Here's a query that will get you what you want. You can filter the results from there.
SELECT SUM(saleValue), yr, yrmo FROM ( SELECT sale_id, saleValue, SUBSTR(`date`,1,4) AS yr, SUBSTR(`date`,1,7) AS yrmo FROM detaildata ) a GROUP BY yr, yrmo WITH ROLLUP
The result you get looks like this:
totalSaleValue yr yrmo 10000 10000 2015 4000 2015 2015/01 2000 2015 2015/11 4000 2015 2015/12
You can get at the yearly totals by filtering "WHERE yrmo IS NULL" or the December total with "WHERE yrmo = '2015/12'"
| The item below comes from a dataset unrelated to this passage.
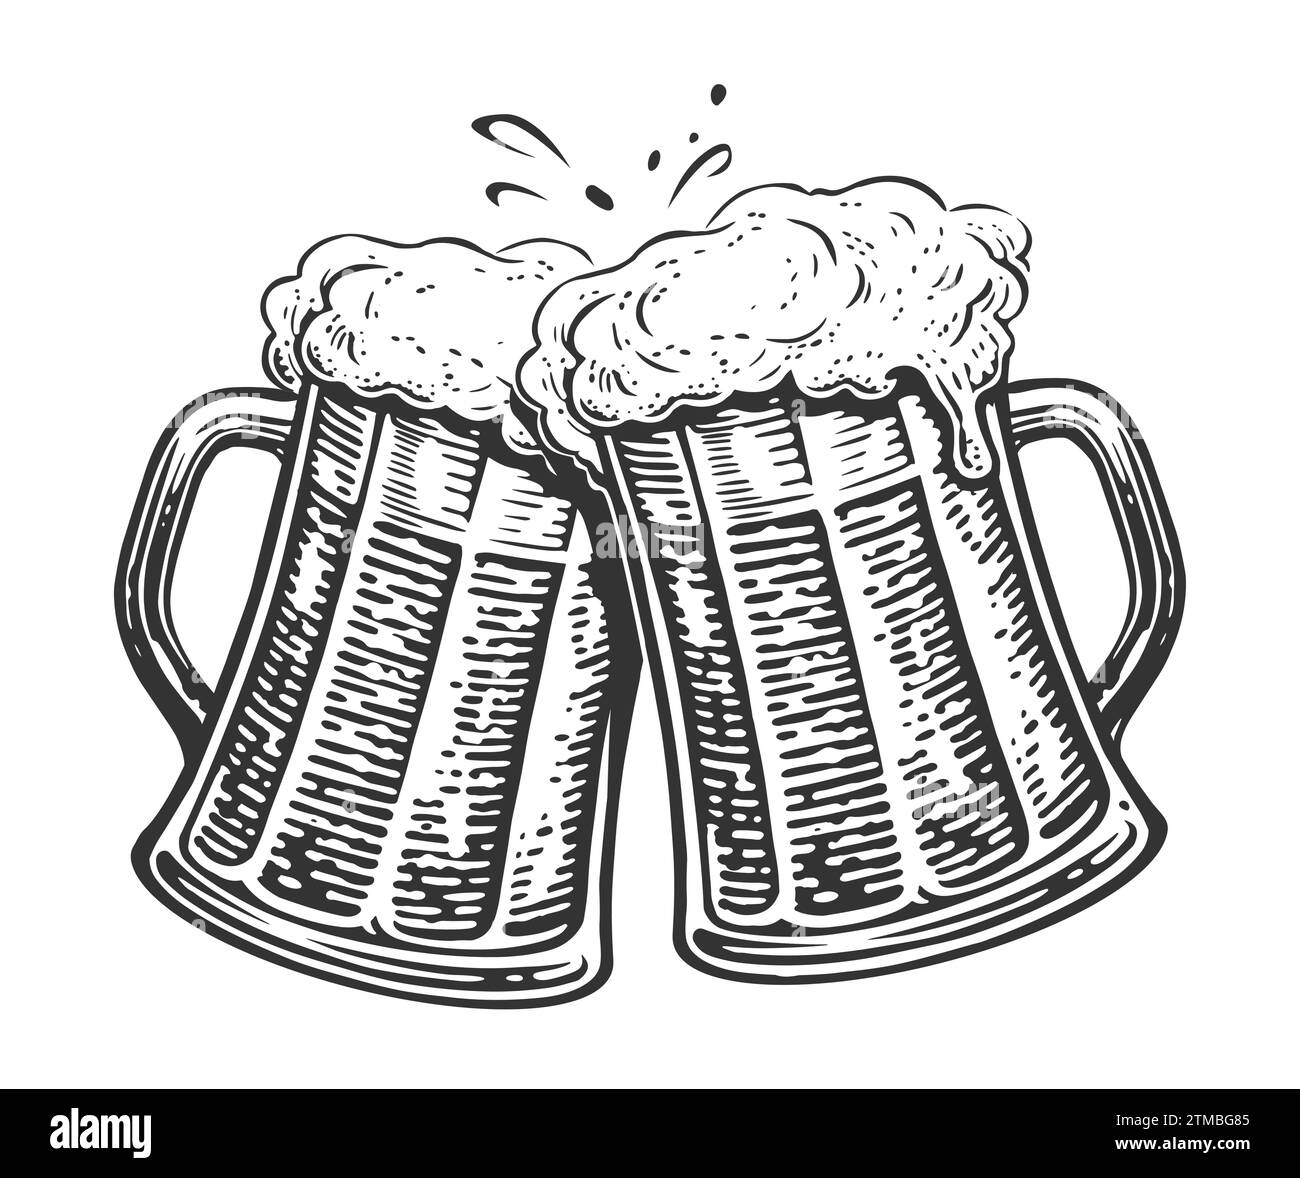 Two toasting beer mugs. Clinking glass tankards full of beer and splashed foam. Cheers, illustration Stock Vector

Created 12-17-2015 01:35 PM
Try two options below. It will read your source table just once and will create 2 lines:
create external table test_groupby (sale_id string, salevalue double, datex string) row format delimited fields terminated by ',' stored as textfile location '/tmp/groupby' ; select * from test_groupby; select inline( array( named_struct('type', 'month', 'value', sum(case when substr(datex, 1,7) = '2015/12' then salevalue end)), named_struct('type', 'year', 'value', sum(case when substr(datex, 1,4) = '2015' then salevalue end)) )) from test_groupby ;
create external table test_groupby (sale_id string, salevalue double, datex string) row format delimited fields terminated by ',' stored as textfile location '/tmp/groupby' ; select * from test_groupby; drop table test_groupby_result; create table test_groupby_result (value double) partitioned by (type string) ; from test_groupby insert into table test_groupby_result partition (type = 'month') select sum(salevalue) where substr(datex, 1,7) = '2015/12' insert into table test_groupby_result partition (type = 'year') select sum(salevalue) where substr(datex, 1,4) = '2015' ; select * from test_groupby_result;
Created 12-18-2015 11:46 AM
Thank you very much @Guilherme Braccialli I will try to implement this logic
Will let you know updates
Created 12-22-2015 09:44 PM
You should look to GROUP BY WITH CUBE and ROLLUP to get multiple levels of aggregation in a single pass through the data. Take a look at https://cwiki.apache.org/confluence/display/Hive/E... for the documentation.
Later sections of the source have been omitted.